My alarm is titled “Sunshine”…..but the last few mornings
it’s awakened me while the sun is still on the other side of the world. As I
slid the covers off and pulled the curtains back my eyes didn’t have to adjust
to the light, because there was none. Just darkness. It’s amazing what I can
accomplish with one eye still closed and my body half asleep. I scarf down a
banana with peanut butter and a glass of water. I wrap up my blisters, slip on
some sweats, grab my sneakers with one hand while my Ipod dangles in the other.
I head out the door. It’s 6:30 am as I hit my stop watch to begin my run.
DISCIPLINE.
After my knee surgery I thought God had taught me enough
about that nine letter word. I was wrong.
As I logged in 4-7 miles a day plus weights and abs, then
adding another 30 min morning run on top of that, my body screamed in pain.
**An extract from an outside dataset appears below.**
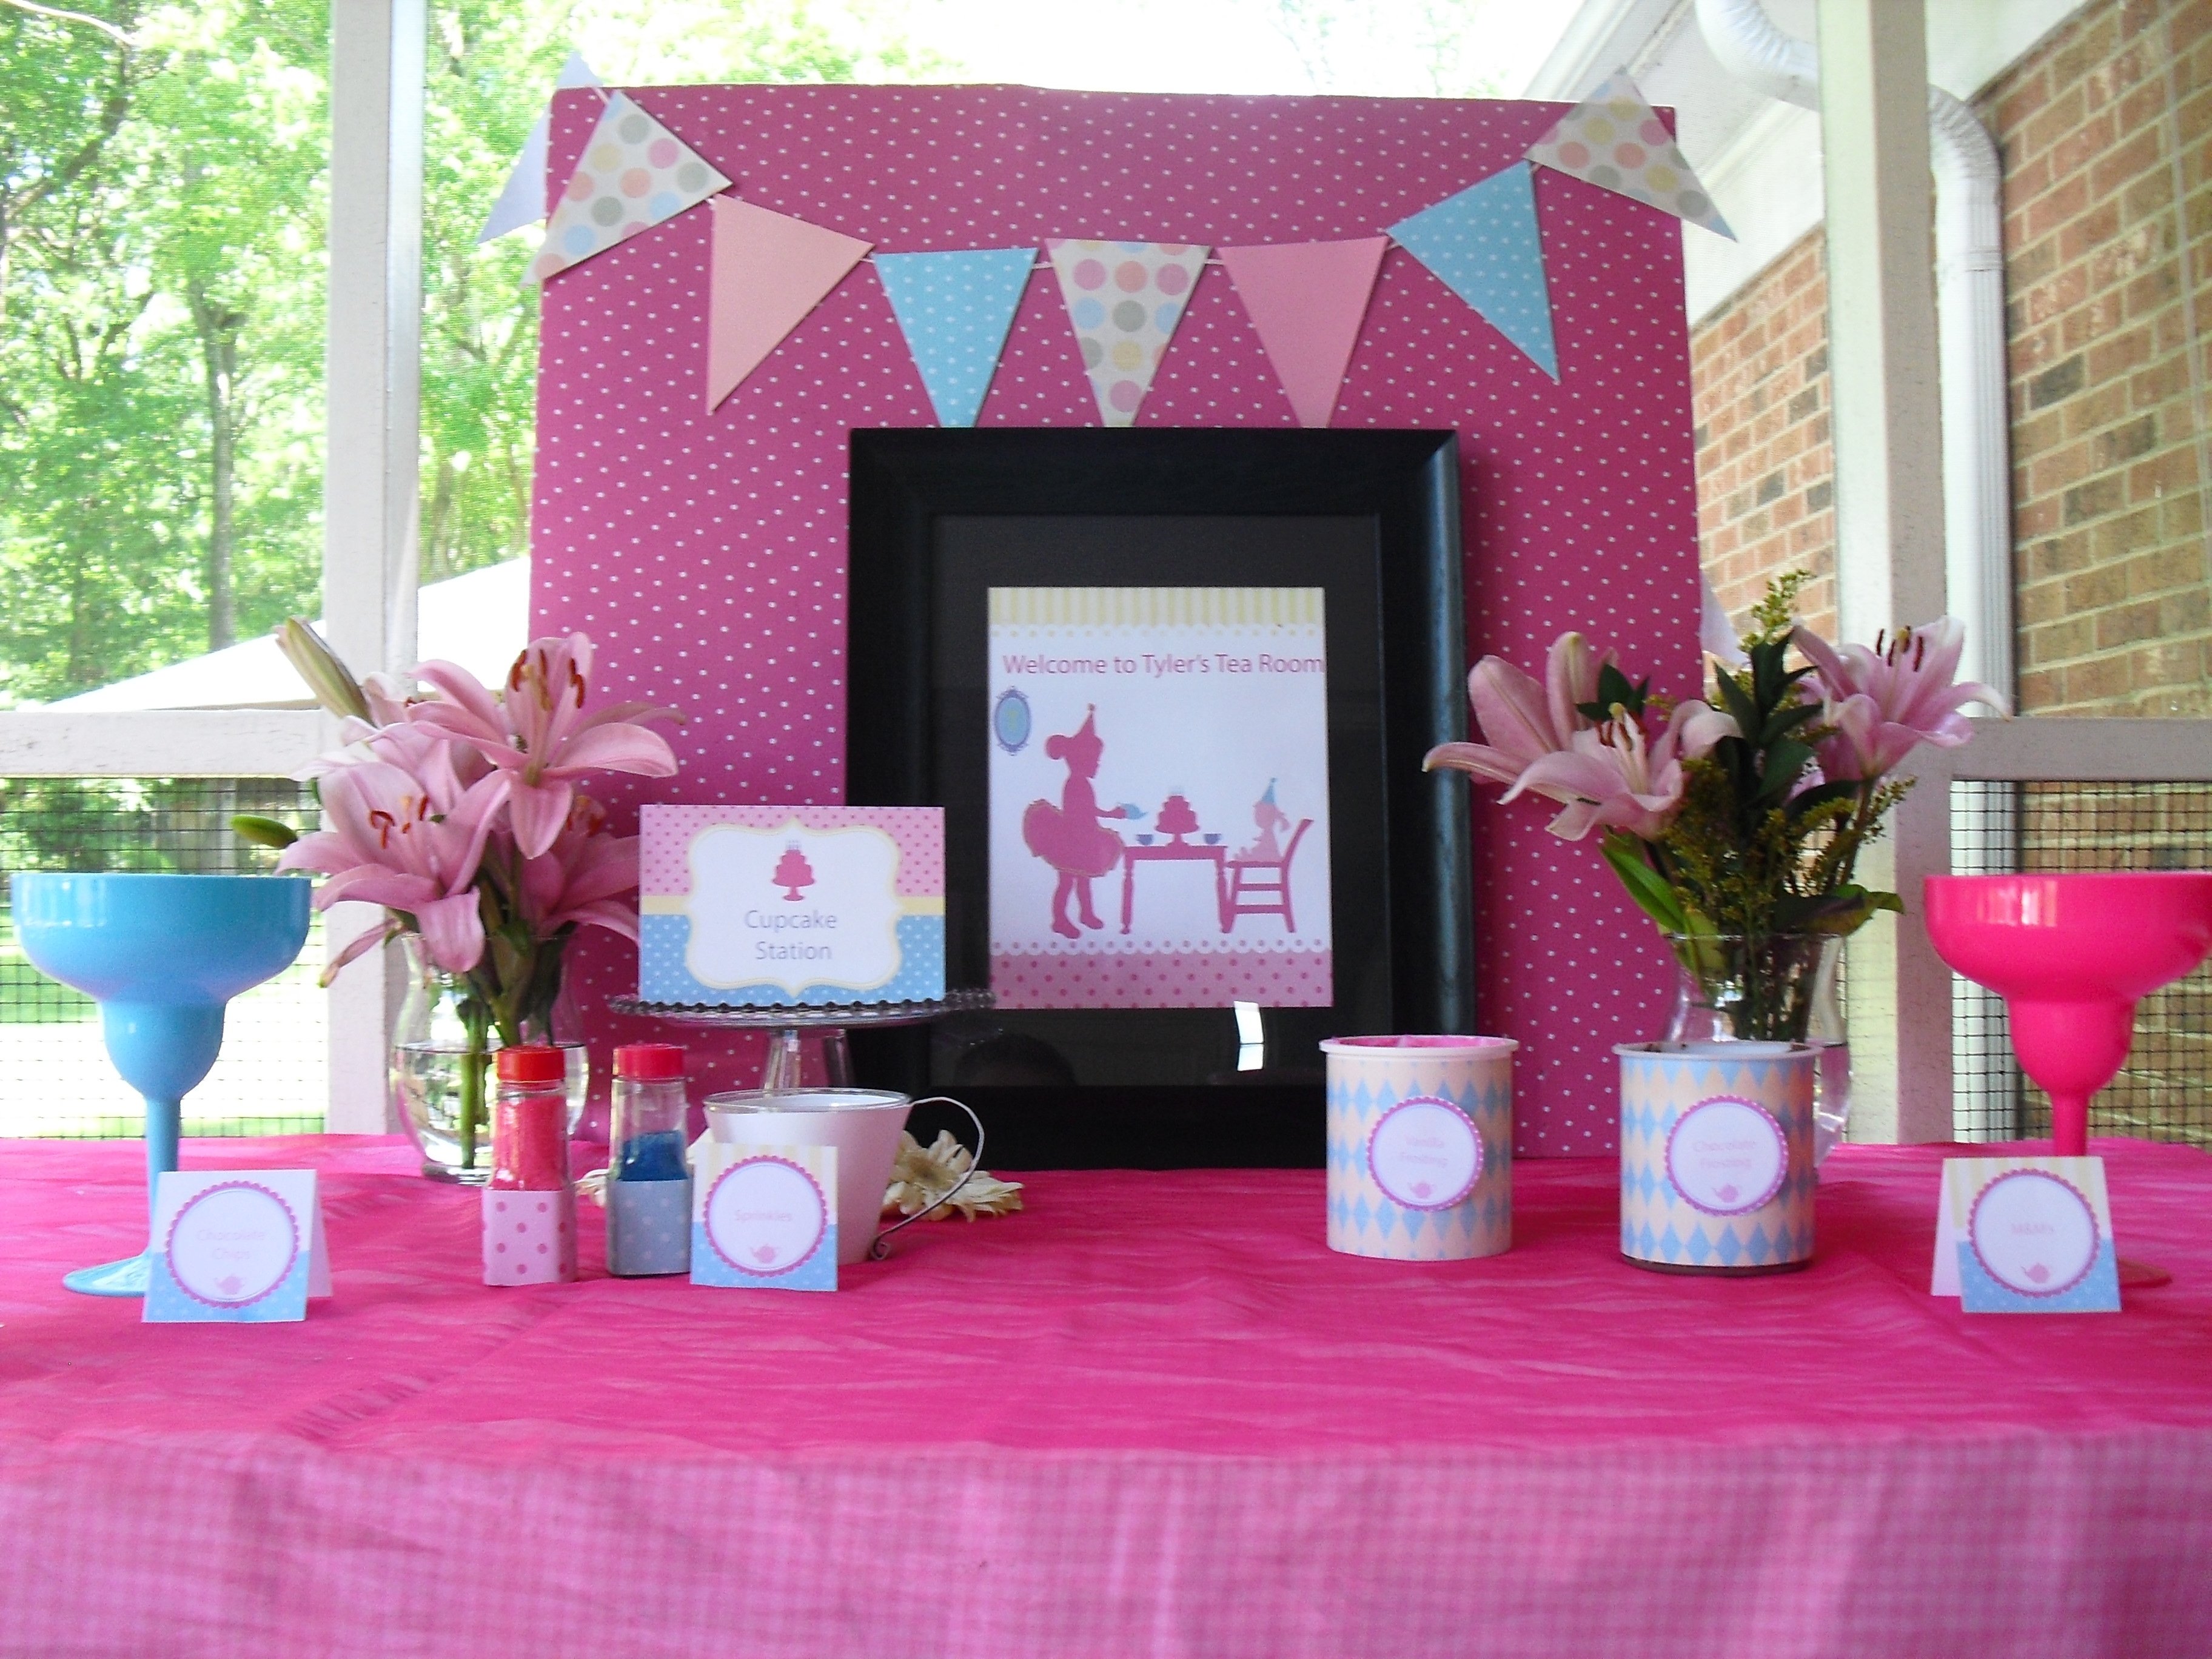 10 Gorgeous Birthday Ideas For 3 Year Old a tea party with baby dolls and tutus anders ruff custom designs llc 2 2022

It
started just in my shin then from overcompensating, the pain traveled to my IT
band and outside of my foot.
When I was running there was no pain but as soon as I
stopped I felt like there was a metal rod sticking through my lower leg. My
brilliant mind thought ”It doesn’t hurt while I run so…just don’t stop
running”. I sometimes like to picture myself as a Paula Radcliffee, when in
reality I’m more of a Steve Urkle in the running world. (but I can rock it)
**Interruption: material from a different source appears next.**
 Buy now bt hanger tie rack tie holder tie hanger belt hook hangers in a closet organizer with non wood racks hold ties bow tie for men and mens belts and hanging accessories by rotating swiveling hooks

Needless to say, that whole ‘don’t ever stop running’ plan failed.
DICIPLINE.
In church we looked at Judges 20:18-34. The Israelites were
sent out by God a total of 3 times to battle against the Benjamin Tribe. They
sought God and He told them to go fight. They lost 18,000 men the first battle
and 22,000 in the second for a total of 44,000 dead men. They were pretty much
screaming WHAT THE HECK!?! They asked God again if they should continue to
fight or if they should cease. God told them to continue. They obeyed. It was a
terrible battle. They had discipline not based off of feelings. The battle
ended in a Victory for the Israelites.
Every time my feet hit the ground I feel pain. It’s constant
and despite weeks of rehab nothing seems to dim the pain.
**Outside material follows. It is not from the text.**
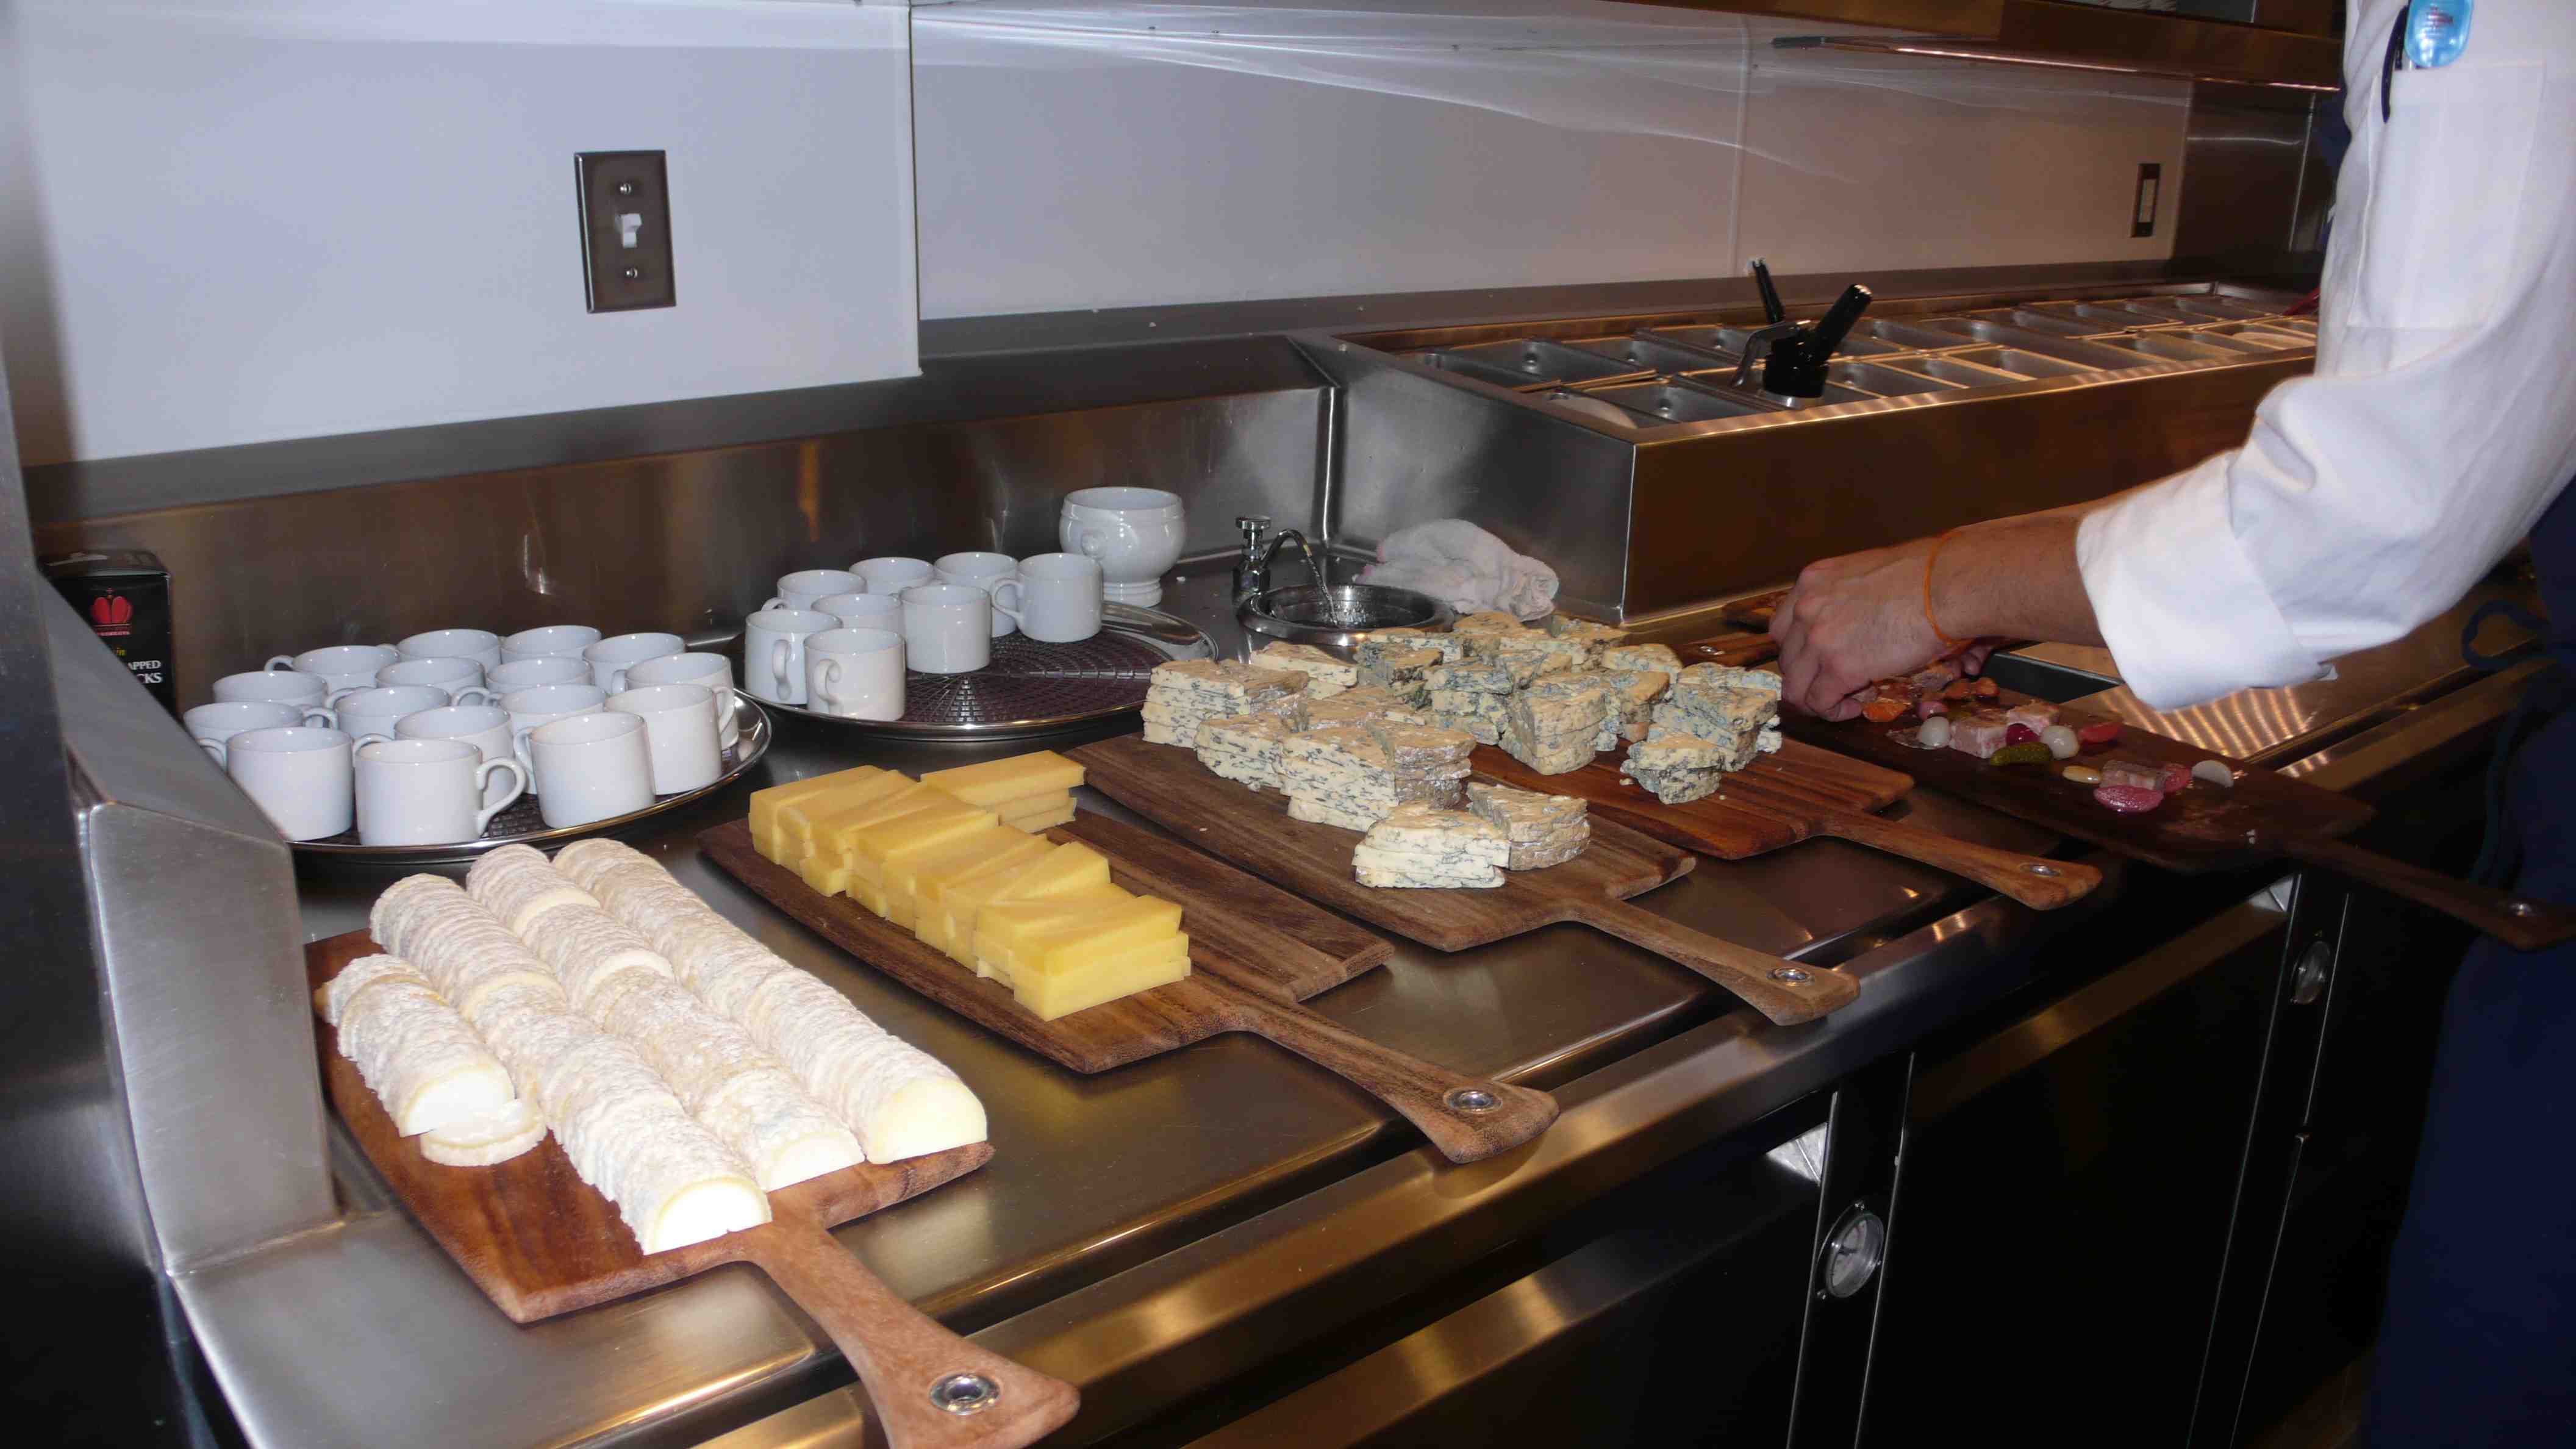 Plating cheeses in the kitchen

This is my last semester of college and my last chance to
run with my team who has worked so hard. After my knee surgery there was no
question if I should stop running. Now… I question God. I’m asking if I should
keep going. Everything seems to be falling apart. I don’t know if there is a
victory at the end of this battle.
He reminded me today as I sat in the blue padded chairs
facing the stage. No matter the outcome, in Him there is always VICTORY. He
knows the end, we don’t.
How do I keep going when nothing seems to be going right and
I want to throw in the towel and hang my shoes up?
DICIPLINE.
He has told me to keep going. I will obey.